An attempt by a senior member of Margaret Thatcher’s government to defuse the row over apartheid, which led to a mass boycott of the 1986 Commonwealth Games, was ordered to be “buried” by her closest aides.
The decision by 32 of 59 eligible countries to boycott the £15m event in Edinburgh over Britain’s refusal to impose sanctions and sever sporting links with apartheid South Africa caused a crisis for the Conservative government and left the organisers of the Edinburgh games with a deficit of nearly £4m.
But documents released at The National Archives in Kew, west London, reveal how a plan put forward by Foreign Secretary Geoffrey Howe to defuse the boycott by persuading Mrs Thatcher to publicly condemn apartheid was seemingly thwarted by Downing Street officials, including her private secretary Charles Powell.

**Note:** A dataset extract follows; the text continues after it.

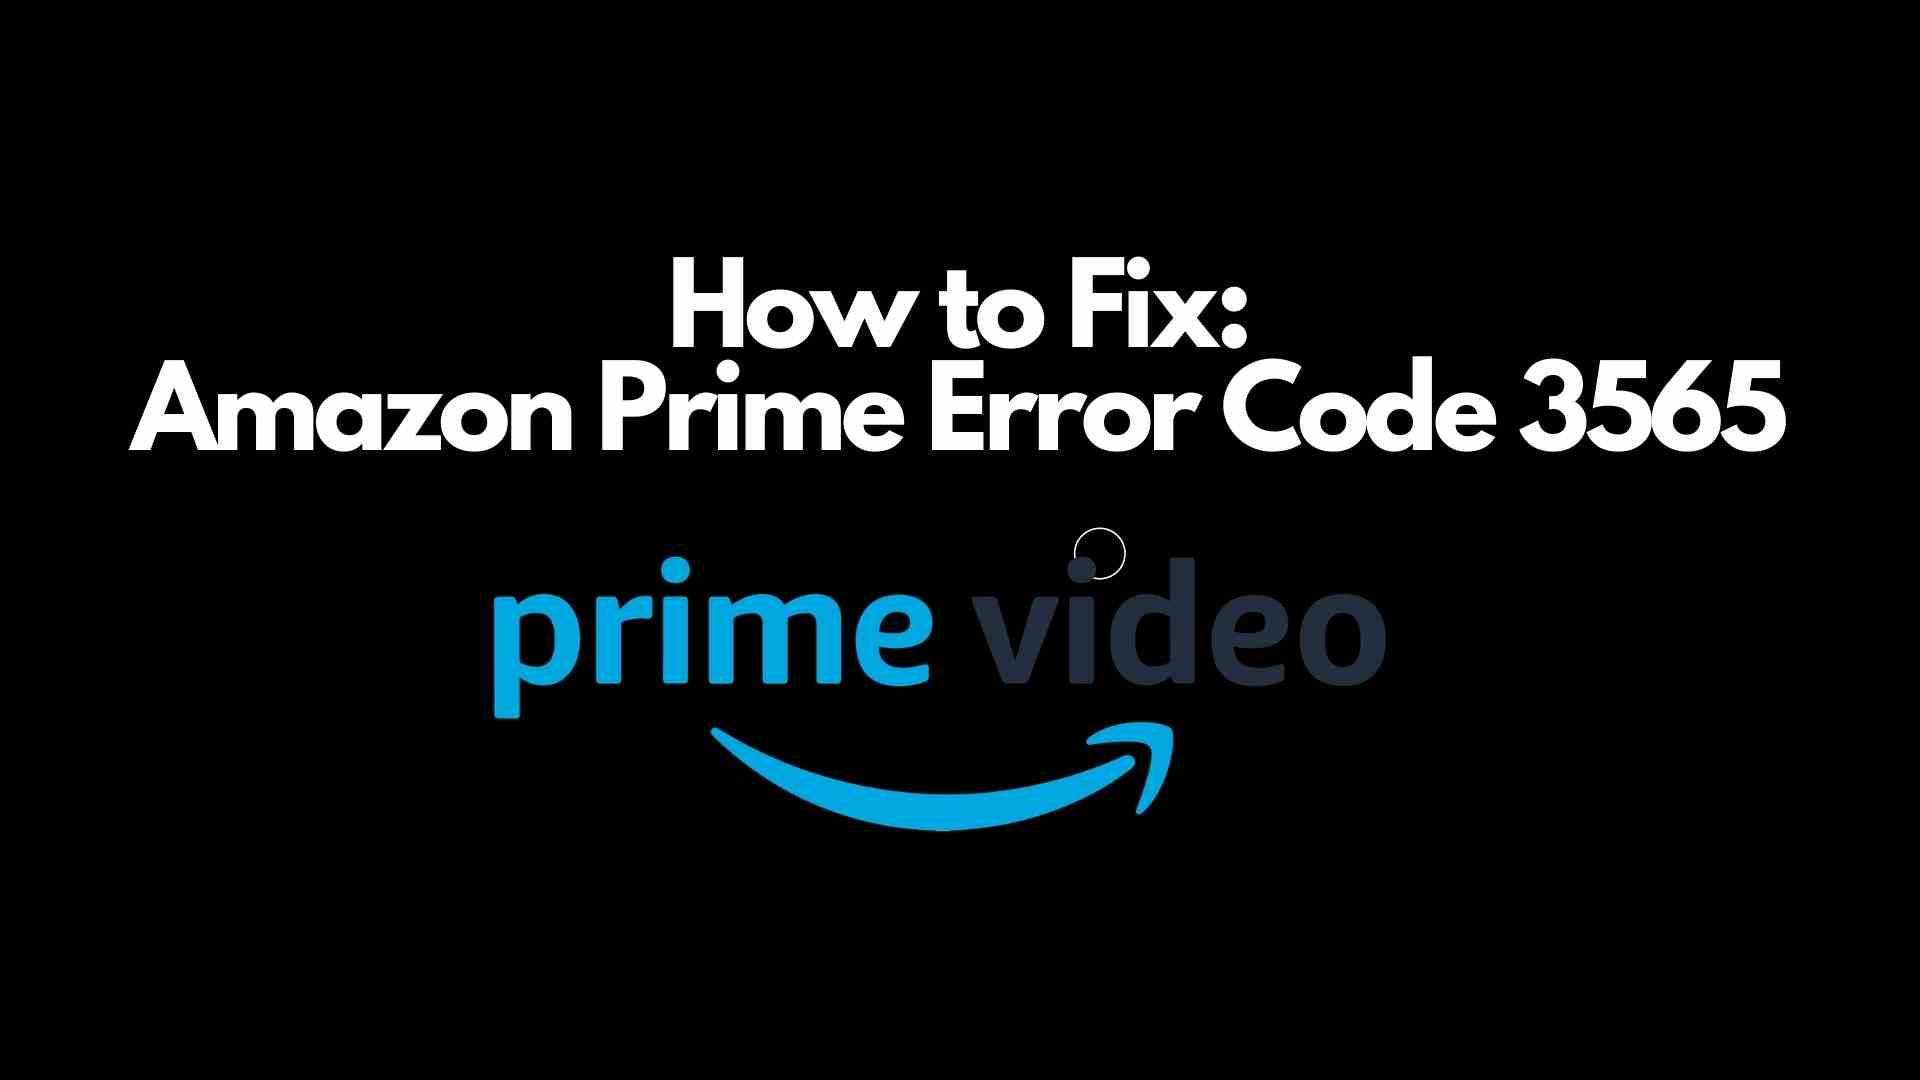 Amazon Prime Error Code 3565 fix

Following the withdrawal of several countries, including Nigeria and Ghana, less than a month before the Edinburgh games were due to open in late July, Sir Geoffrey’s aides wrote to Number 10 suggesting that a speech by Mrs Thatcher unequivocally denigrating South Africa’s racist system might stop the trickle of withdrawals from turning into a cascade.

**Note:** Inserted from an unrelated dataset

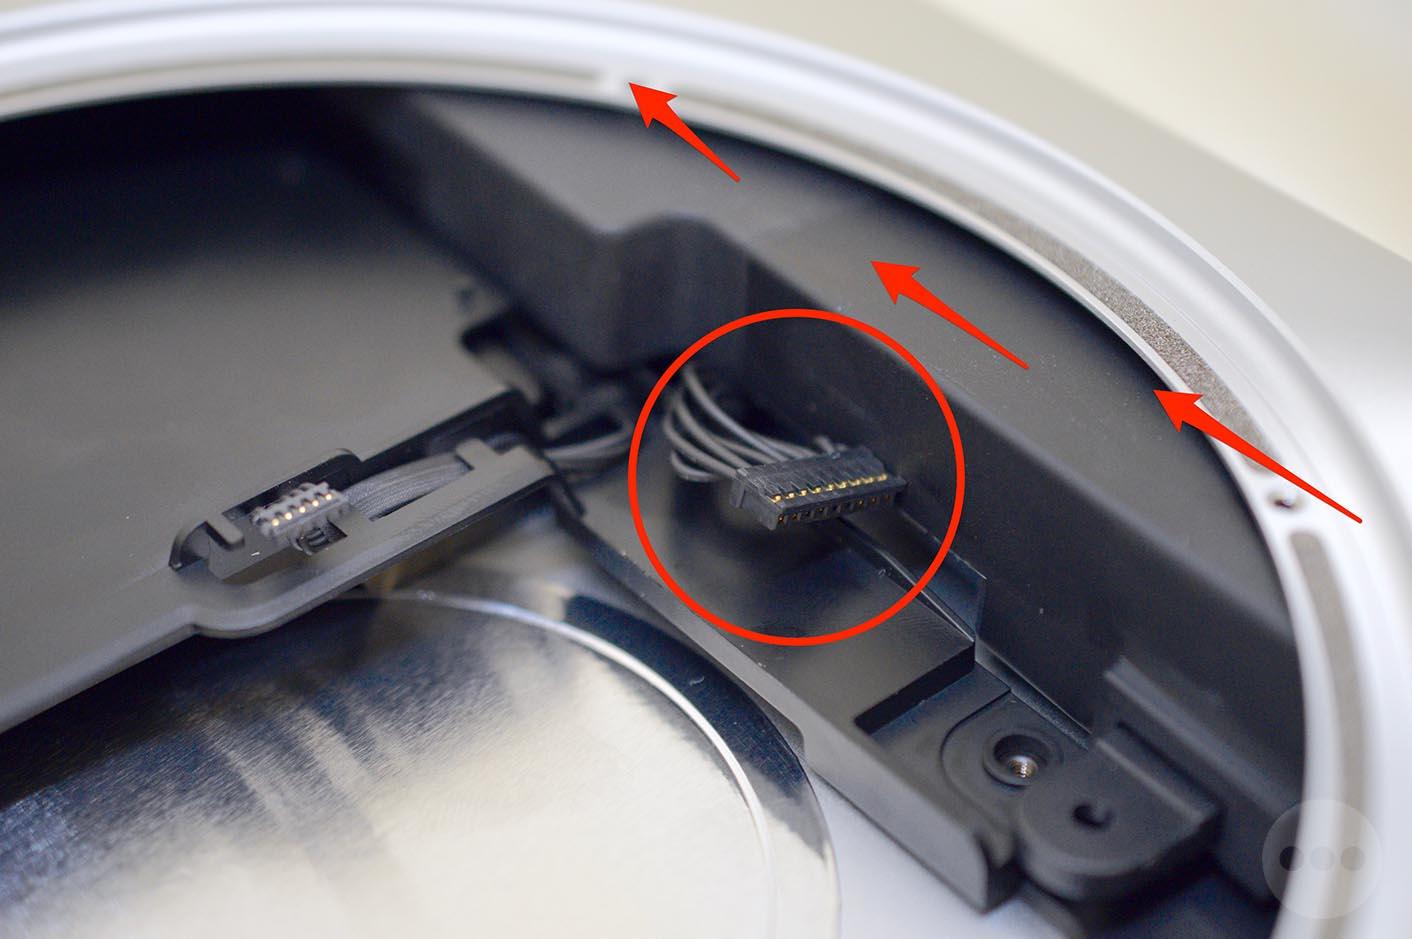 Tutoriel démontage Mac mini 2014

With South Africa under a state of emergency amid increasing repression and violence, Britain was under intense pressure by the summer of 1986 to join international efforts to isolate the apartheid regime using economic sanctions, as well as ending sporting links through events such as cricket and rugby tours.
In a letter to Downing Street in early July, the Foreign Office said that Sir Geoffrey, a former Chancellor and close ally of Mrs Thatcher who would eventually play a key role in forcing her resignation in 1990, was “seriously concerned” at the withdrawal of Malaysia and the Bahamas.
Diplomats asked for Mrs Thatcher to retrieve the situation by using Question Time in the House of Commons to underline her opposition to apartheid and end the impression that Britain was South Africa’s prime cheerleader on the international stage.
The letter said: “As the Prime Minister knows, in Sir Geoffrey’s view the problem is that, because of our vigorous and persistent public opposition to comprehensive economic sanctions, many Commonwealth leaders now see us as the main defender of the South African government and of apartheid.
“In order to start putting that right, the Foreign Secretary included a strong attack on apartheid in his Commons speech this afternoon. But he believes it would also be extremely helpful if the Prime Minister could reinforce the message… If she took that opportunity herself to deliver a strong attack on apartheid the addition of her authority would greatly help our efforts to stem the tide of withdrawals.”
The Foreign Secretary added suggestions as to what Mrs Thatcher could say, including a statement that would “reiterate my total rejection of apartheid and all it stands for”.
But while Sir Geoffrey’s aims may have been noblethey did not meet with a warm reception inside Downing Street.
Notes written on top of the Foreign Office letter suggest that officials did not want Mrs Thatcher to be able to give too much consideration to the proposals. One instruction read: “Please bury deep.” A further note added: “CDP [Charles Powell] to bury.”
The failure to limit the boycott led to a chain reaction, with more than half of eligible countries staying away, leaving its organising committee with a £3.8m deficit.
The documents show that the shortfall led to a further round of brinkmanship, this time between Mrs Thatcher and Robert Maxwell, the owner of the Daily Mirror, who was belatedly brought in as chairman of the organising committee and handed the task of recouping the losses.
In a series of letters between the Prime Minister and the flamboyant Labour-supporting businessman, Mr Maxwell sought to press the Tory government to reverse its refusal to offer any public money to fund the Edinburgh Games and stump up £1m to pay off its creditors.
Painting himself with characteristic shyness as the hero of the hour, Mr Maxwell wrote: “The effect of the boycott of the Games, by over 32 countries, has been catastrophic… There has been virtually no opportunity at this late stage to curtail expenditure. I accepted this onerous task simply because [of] the alternative as was put to me of the immediate appointment of a Receiver with the national humiliation that this would bring to both Scotland and the UK.”
But despite the repeated pleas of the mogul and others, including then Scottish Secretary Malcolm Rifkind, to loosen the purse strings, Mrs Thatcher remained steadfast, telling Mr Maxwell that “if the Government were to go back now they would never be believed on other matters”.
Eventually the deficit was resolved with the help of a £1.3m donation from a billionaire Japanese philanthropist and acquaintance of Mr Maxwell, Ryoichi Sasakawa.
But the difficulties generated by the Games did not end there. After Mrs Thatcher agreed to write a letter of thanks to the businessman, the Foreign Office revealed a dark side to Mr Sasakawa, who had been arrested as a suspected war criminal after the Second World War and was known to have extremist sympathies – and be a possible gangster.
A memo said: “Despite his philanthropic and charitable activities around the world, Mr Sasakawa is perceived by many in Japan and abroad to be at best a supporter of extreme right-wing political views and at worst a major figure in the Japanese underworld.”
The documents show the letter was still sent.